Donna Leon Yüksek Mevkilerdeki Dostlar'da yine kendi türünün doruklarında dolaşıyor. Zorlama entrikalardan, yapay gerilimlerden ve anlamsız şaşırtmalardan uzak kurgusu; süssüz, zarif, net dili ve yarattığı karakterlerin inandırıcılığıyla benzerlerinden ayrılmayı başarıyor...
Venedik'in pislikleriyle mücadeleyi kendine görev edinen Komiser Brunetti'yle birlikte bu romantik maceralar kentinin"kokuşmuş" kanallarında yol alırken, biz de onun âhlaki ikilemlerine ortak oluyor, şaşırma duygumuzu yitiriyoruz...
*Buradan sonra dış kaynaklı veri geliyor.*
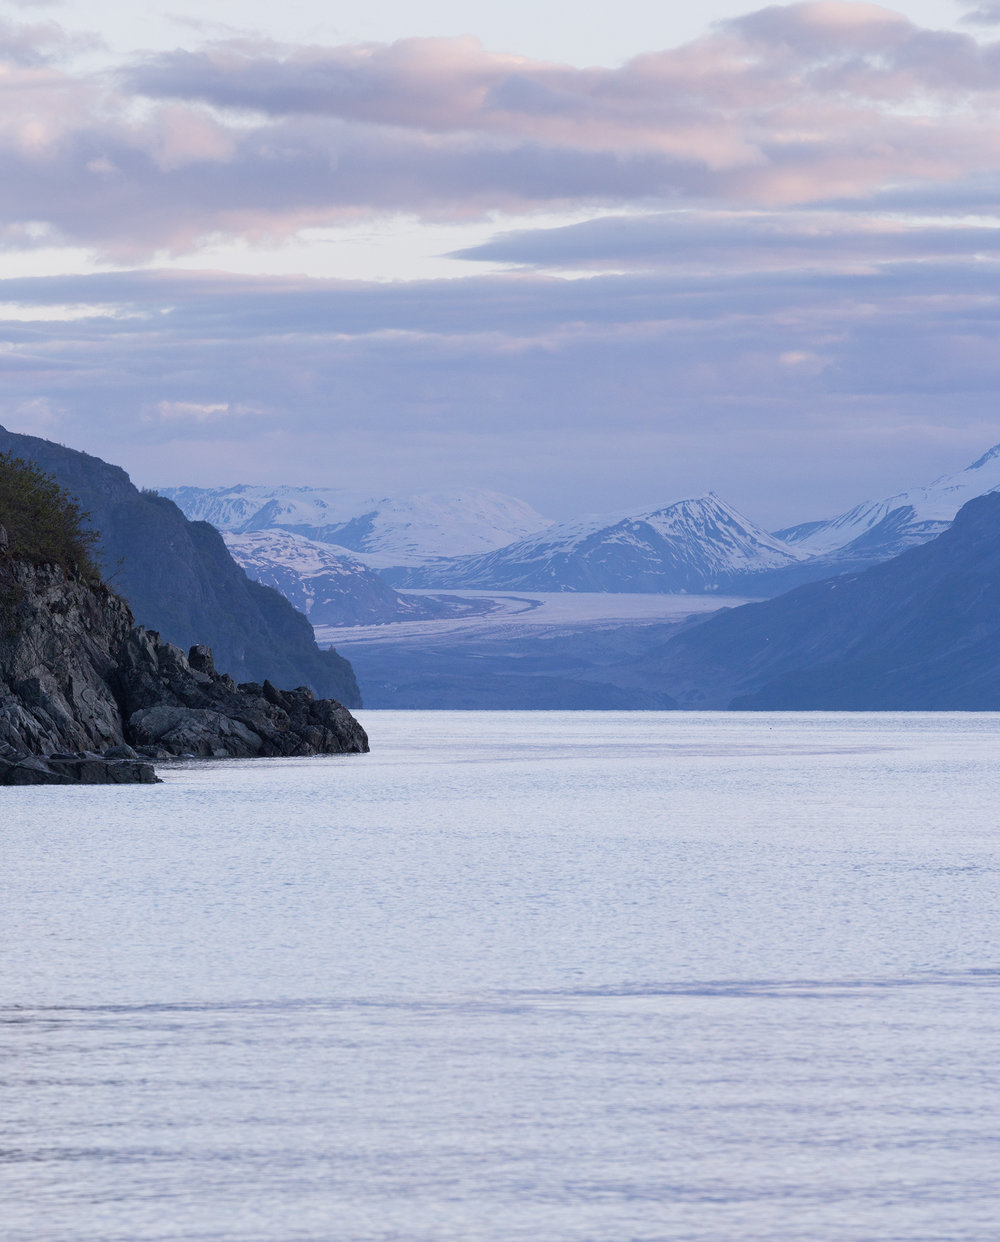 Glacier Bay National Park West Arm Kayaking Camping Trip-83.jpg
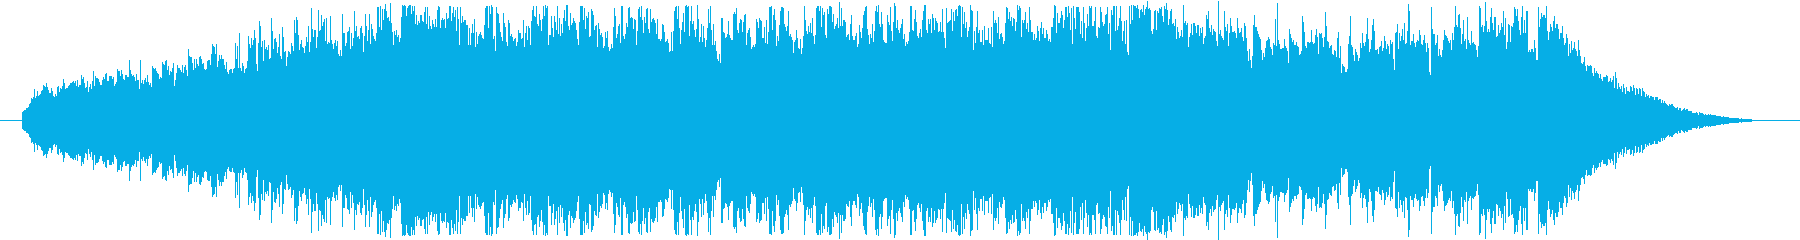 Relaxed CM / Female Bossa Nova's reproduced waveform

Komiser Brunetti, tapu kadastro dairesi memurlarından Rossi'nin kaza sonucu olduğu söylenen ölümünde bir terslik olduğunu sezer. Çünkü Rossi kısa bir süre önce Komiser'e telefon etmiş, elindeki önemli bilgiyi ancak kendisine açıklayabileceğini söylemiştir. Memurun cesedi terk edilmiş bir binanın önünde bulunduktan hemen sonra, Rossi'nin cüzdanında telefon numarası olan ve yolsuzluk davalarında uzman bir avukat da öldürülünce, yılların tecrübesiyle artık tesadüflere inanmayan Brunetti işe koyulur...
Donna Leon'un kitapları, Yüksek Mevkilerdeki Dostlar'da da olduğu gibi, her zaman mutlu sonla bitmiyor. Brunetti belli güçler karşısında bazen geri çekilmek zorunda kalıyor; ve bazen de "kara ayrıntılar" o kadar yakınına sızıyor ki yaşadığı bezginlik bize de bulaşıyor. Ama yine de umudumuzu yitirmiyoruz.